DESCRIPTION (provided by applicant): Exogenous insults, like UV exposure, lead to skin changes associated with aging and increased cancer risk. We recently showed that compromised Notch/CSL signaling, in dermal fibroblasts can lead to cutaneous field cancerization, an important clinical condition, consisting of multifocal premalignant keratinocyte lesions (like actinic keratosis, AK) preceded by more widespread changes in surrounding epithelial and stromal tissues. In preliminary studies we have found that, in stroma of AK lesions in which matrix remodeling and pro-inflammatory genes are up-regulated, expression of ATF3 is decreased. ATF3 is a key stress response transcription factor with a tumor promoting function in keratinocytes. Our working hypothesis is that ATF3 plays an opposite function in dermal cells, maintaining normal skin homeostasis and suppressing keratinocyte tumor progression. 1) We will test the hypothesis that dermal fibroblast expression of ATF3 plays a suppressive function against keratinocyte tumor development. In our preliminary work we have found that mice with ubiquitous ATF3 gene deletion have increased susceptibility to dysplastic/malignant skin tumor formation and that ATF3 -/- dermal fibroblasts enhance tumorigenic behavior of weakly transformed keratinocytes. We will extend the findings by analysis of mice with dermal fibroblast- specific deletion of the ATF3 gene and extend the results to human cells, utilizing a novel in vivo imaging assay for tumor expansion that we have developed. 2) We will test the hypothesis that ATF3 is involved in control of dermal fibroblast senescence and CAF activation in antagonism with compromised Notch/CSL signaling. Stromal cells senescence results in production of diffusible factors inducing paracrine tumor growth stimulation. We have found that, in dermal fibroblasts, many senescence and CAF (S-CAF) genes are up-regulated by ATF3 silencing, while increased ATF3 suppresses their expression. We will assess whether ATF3 controls expression of these genes by direct binding in parallel with Notch/CSL and/or functioning in concert with other transcription repressing mechanisms. 3) We will test the hypothesis that methods involving up-regulation of ATF3 expression and/or function can be used for suppression of dermal fibroblast senescence and/or CAF activation. Efficacy of compounds identified by in vitro assays will be validated in vivo, in animal models and by use of human cell imaging assays.

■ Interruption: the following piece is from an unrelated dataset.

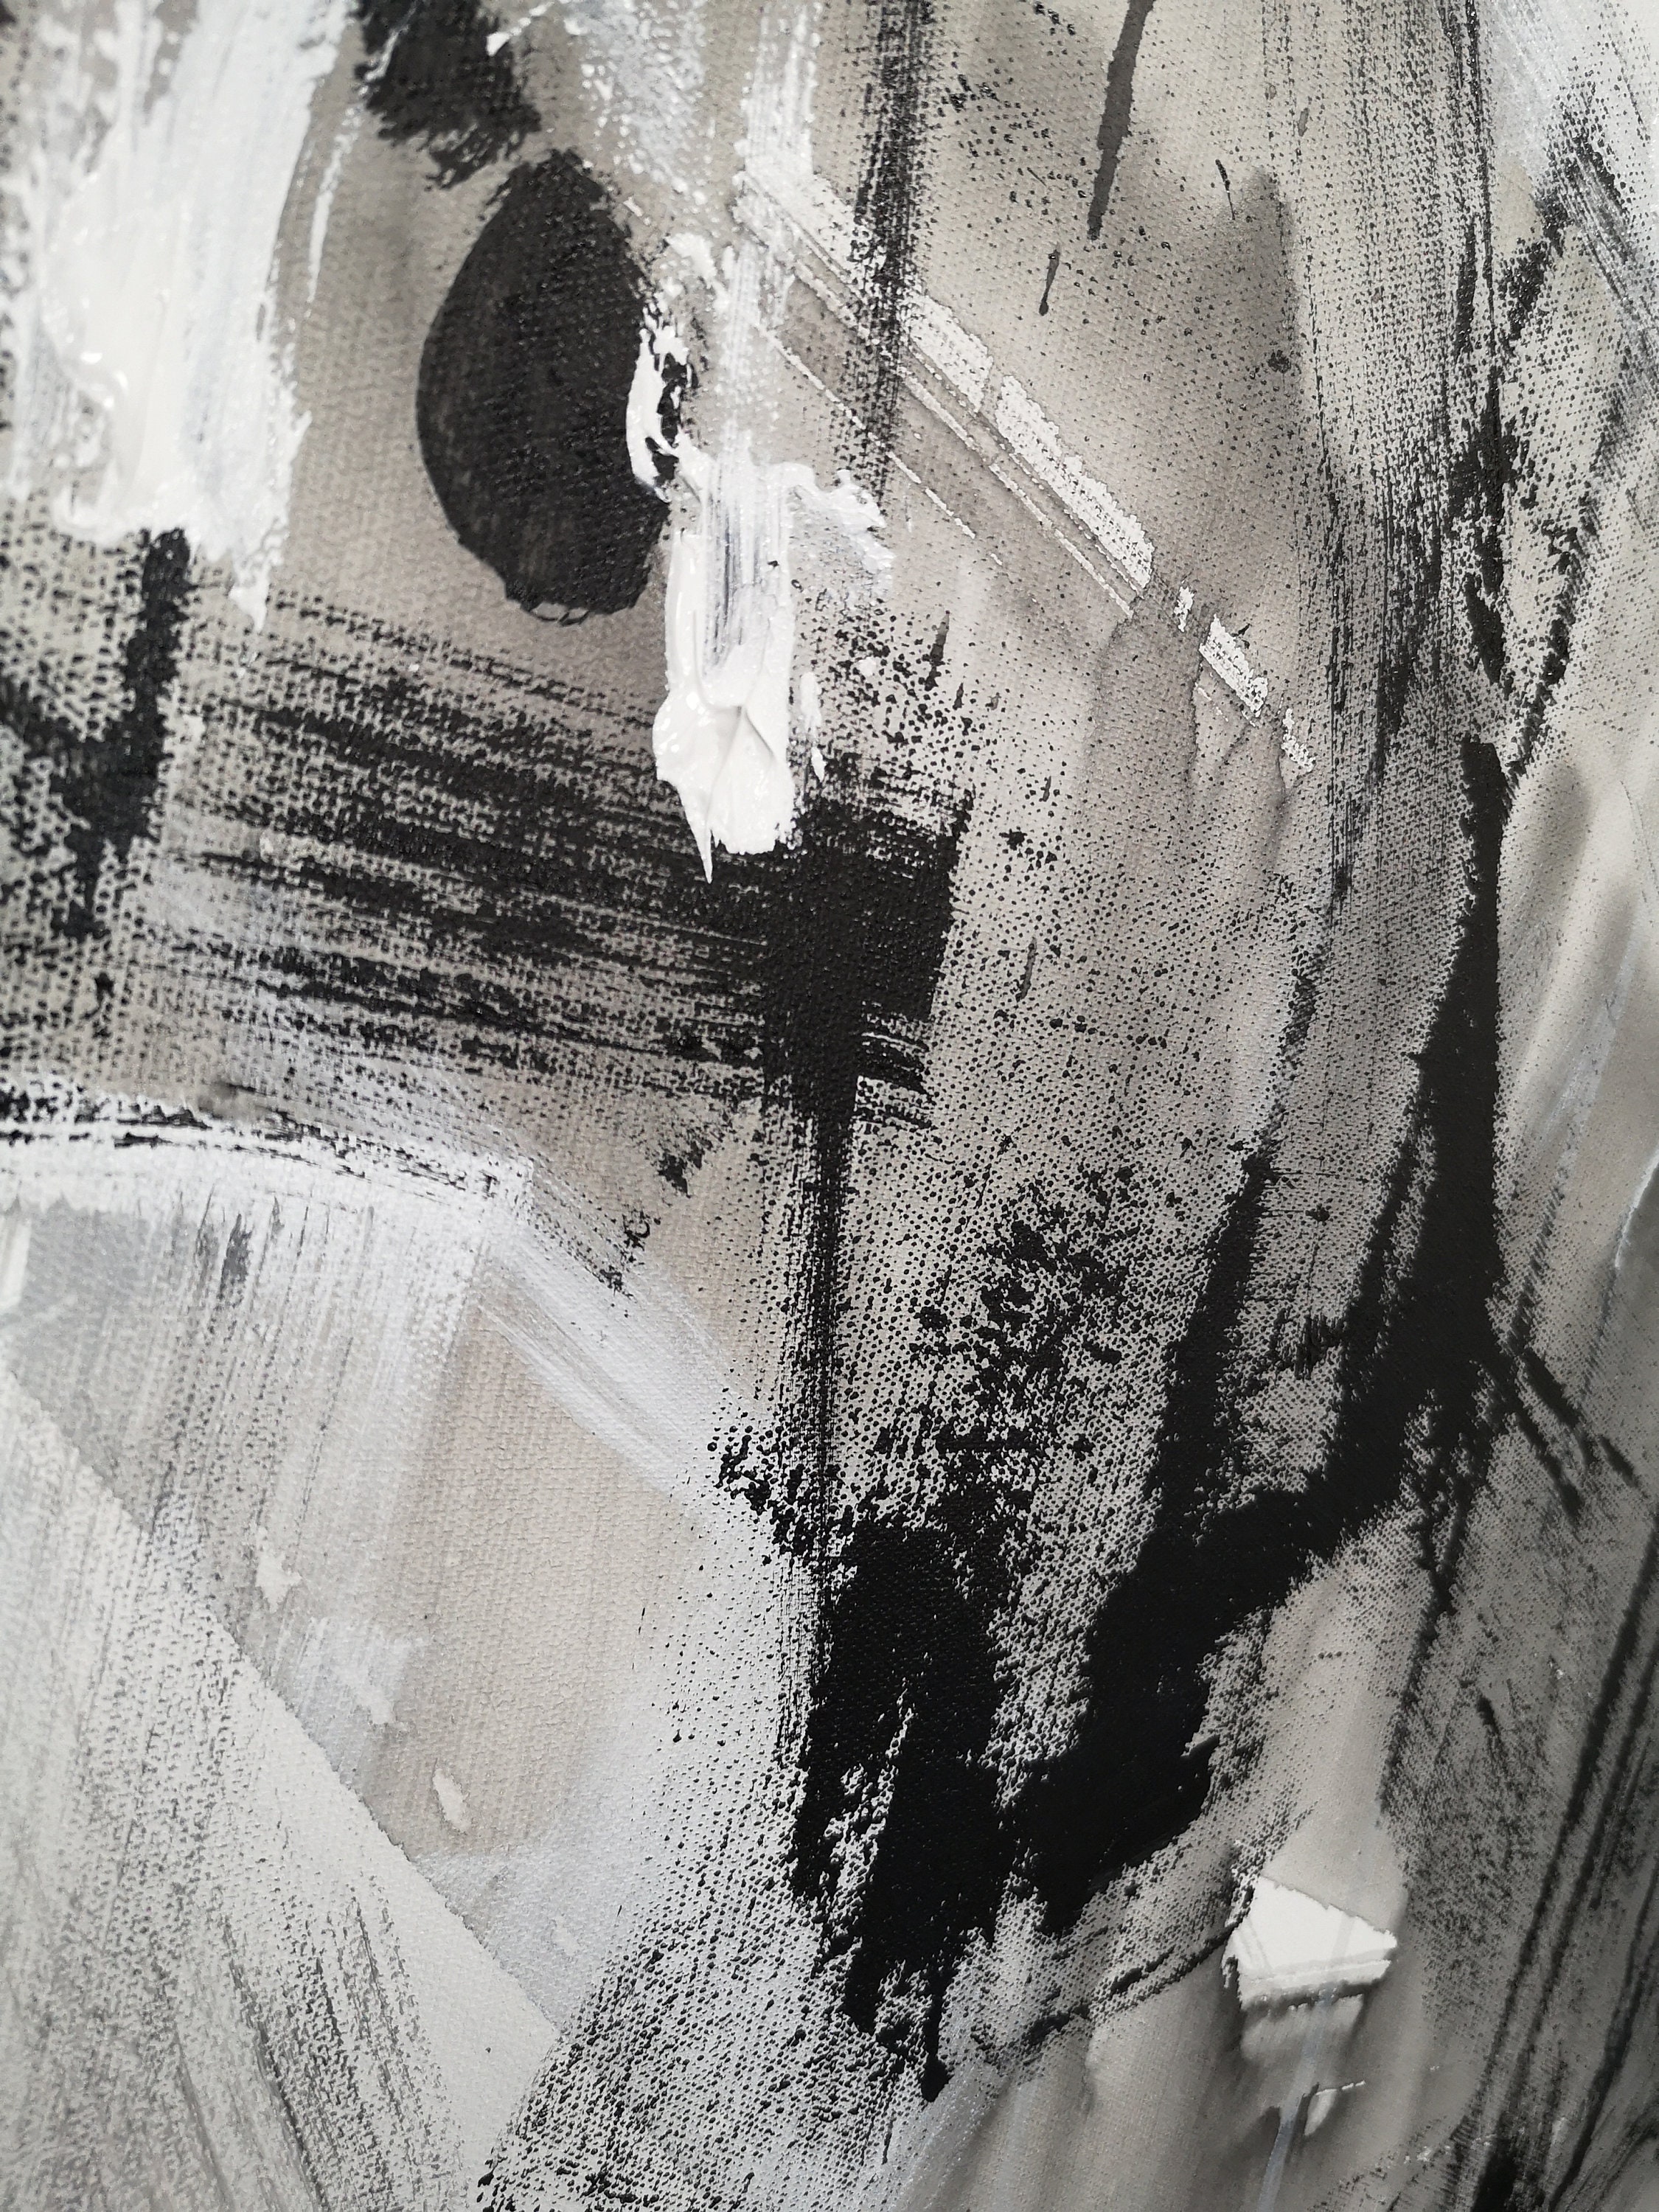 Schwarz Weiß Malerei Großes abstraktes Gemälde Landschaft | Etsy

描述（由申请人提供）：外源性损伤（例如紫外线照射）会导致与衰老相关的皮肤变化和癌症风险增加。我们最近表明，真皮成纤维细胞中的 Notch/CSL 信号传导受损可导致皮肤区域癌化，这是一种重要的临床病症，包括多灶性癌前角质形成细胞病变（如光化性角化病，AK），随后周围上皮和基质组织发生更广泛的变化。在初步研究中，我们发现，在基质重塑和促炎基因上调的 AK 病变基质中，ATF3 的表达降低。 ATF3 是一种关键的应激反应转录因子，在角质形成细胞中具有促肿瘤功能。我们的工作假设是，ATF3 在真皮细胞中发挥相反的功能，维持正常的皮肤稳态并抑制角质形成细胞肿瘤的进展。 1) 我们将检验 ATF3 的真皮成纤维细胞表达对角质形成细胞肿瘤发展发挥抑制作用的假设。在我们的初步工作中，我们发现普遍存在 ATF3 基因缺失的小鼠对发育不良/恶性皮肤肿瘤形成的敏感性增加，并且 ATF3 -/- 真皮成纤维细胞增强弱转化角质形成细胞的致瘤行为。我们将通过分析真皮成纤维细胞特异性缺失 ATF3 基因的小鼠来扩展研究结果，并将结果扩展到人类细胞，利用我们开发的一种新型体内肿瘤扩增成像测定法。 2) 我们将测试以下假设：ATF3 参与控制真皮成纤维细胞衰老和 CAF 激活，以对抗 Notch/CSL 信号转导受损。基质细胞衰老导致产生诱导旁分泌肿瘤生长刺激的扩散因子。我们发现，在真皮成纤维细胞中，许多衰老和 CAF (S-CAF) 基因因 ATF3 沉默而上调，而 ATF3 增加则抑制其表达。我们将评估 ATF3 是否通过与 Notch/CSL 平行直接结合和/或与其他转录抑制机制协同发挥作用来控制这些基因的表达。 3)我们将检验以下假设：涉及上调ATF3表达和/或功能的方法可用于抑制真皮成纤维细胞衰老和/或CAF活化。通过体外测定鉴定的化合物的功效将在体内、动物模型中以及通过使用人体细胞成像测定进行验证。